▸ **Exercise aim**:
Beginning with the line that has "The formula of" and ending with the line that has "Doodle skizzieren Amsterdam", retype the entries below exactly, except for the pictures.

▸ **Extracted records**:
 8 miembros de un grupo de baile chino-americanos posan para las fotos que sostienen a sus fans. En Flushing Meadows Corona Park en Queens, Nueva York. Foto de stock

* * *

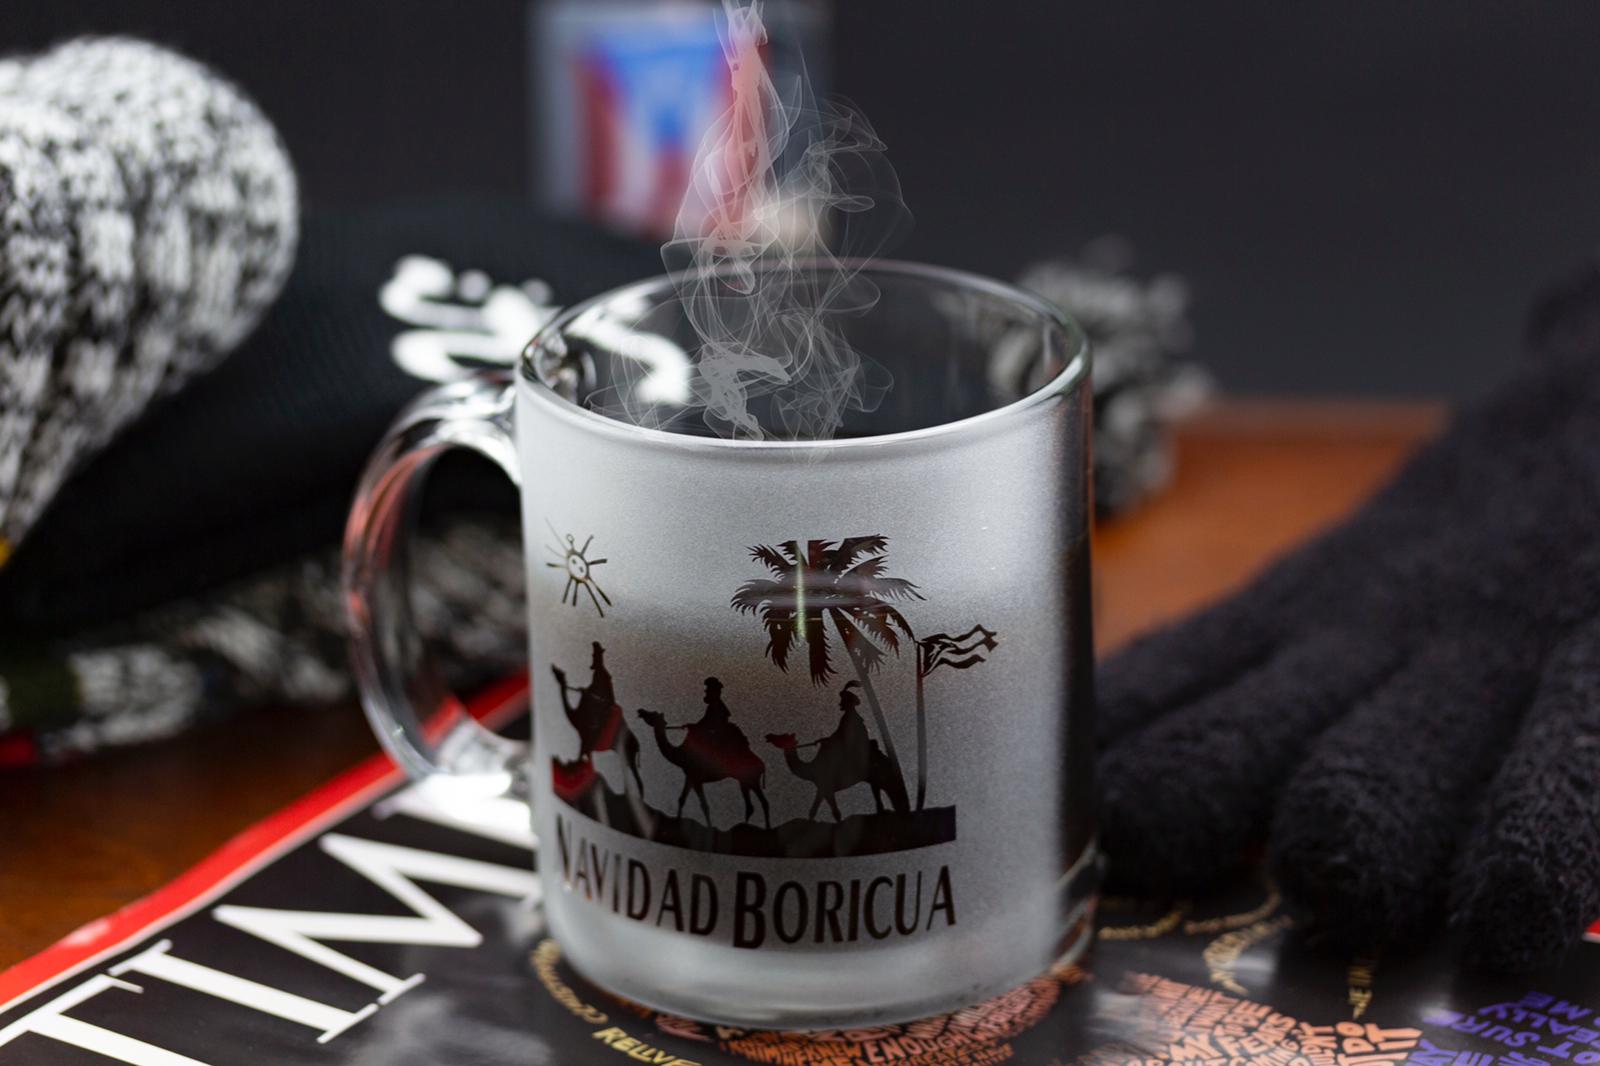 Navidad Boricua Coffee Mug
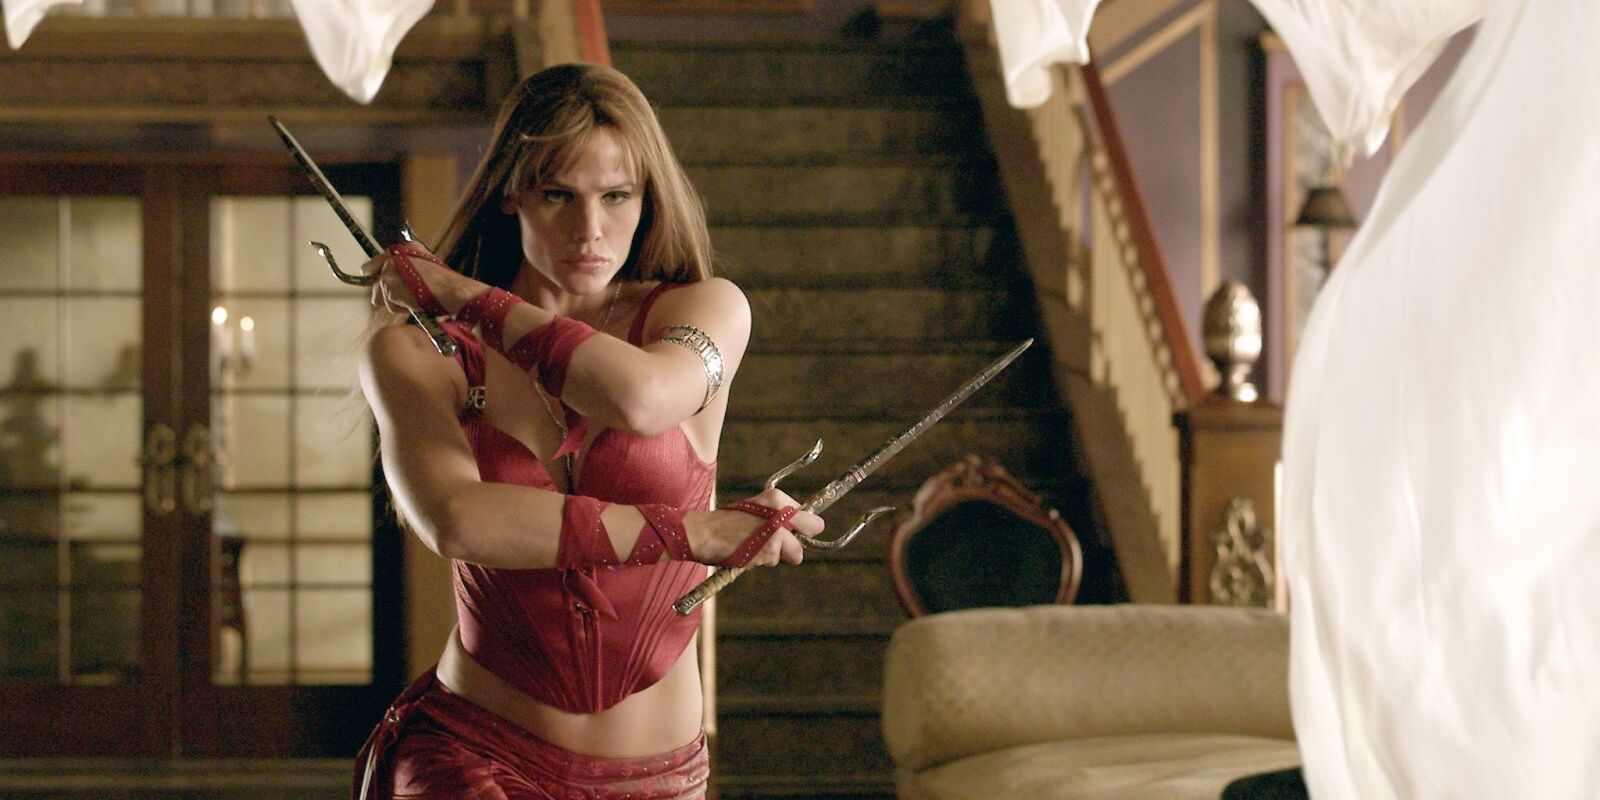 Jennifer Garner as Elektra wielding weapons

...

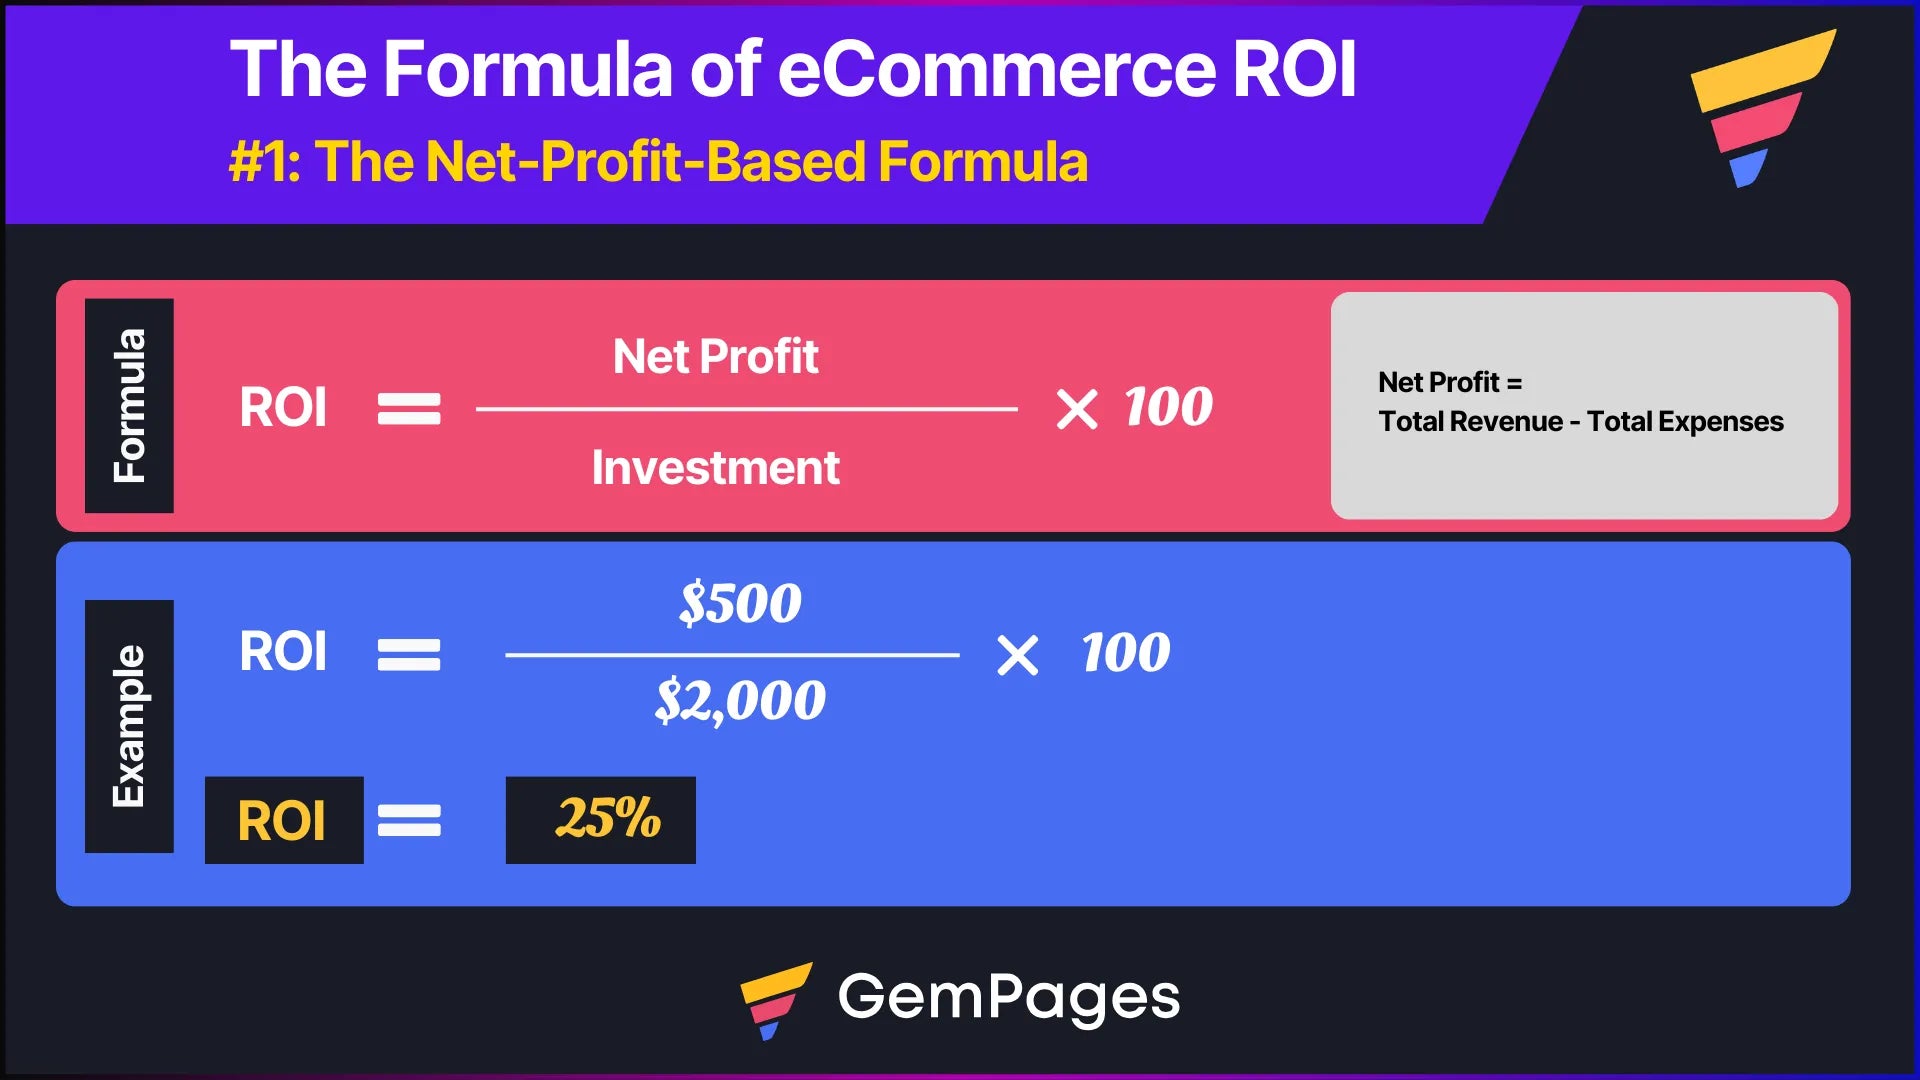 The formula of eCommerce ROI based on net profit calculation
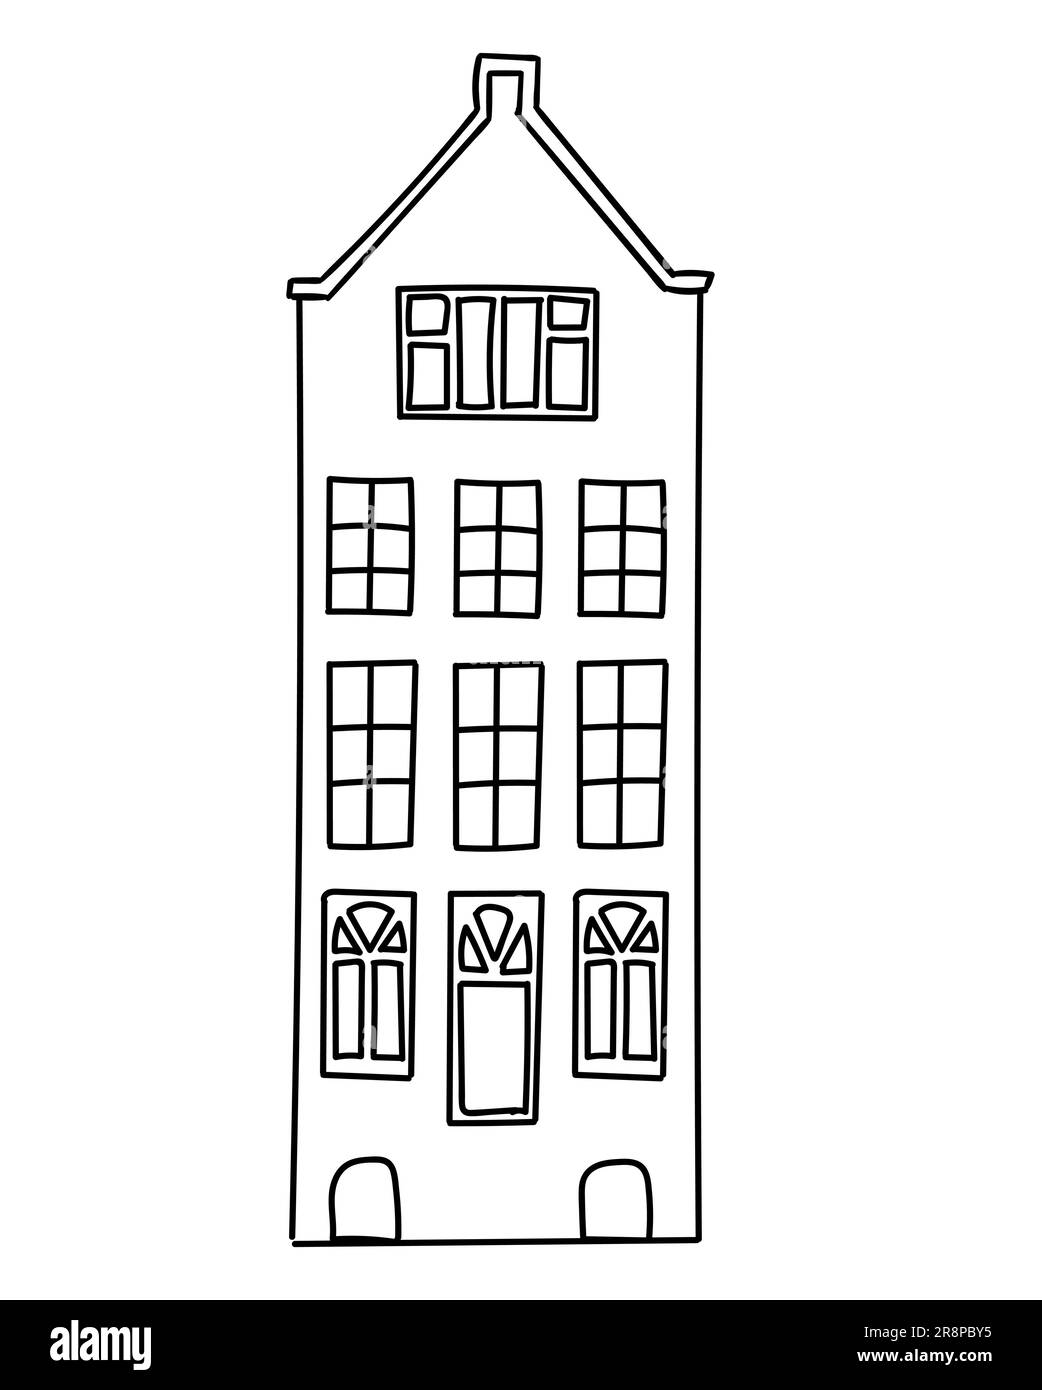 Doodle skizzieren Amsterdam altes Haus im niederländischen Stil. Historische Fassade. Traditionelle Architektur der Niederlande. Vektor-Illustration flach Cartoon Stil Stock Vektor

▸ **Response area**:
 The formula of eCommerce ROI based on net profit calculation
 Doodle skizzieren Amsterdam altes Haus im niederländischen Stil. Historische Fassade. Traditionelle Architektur der Niederlande. Vektor-Illustration flach Cartoon Stil Stock Vektor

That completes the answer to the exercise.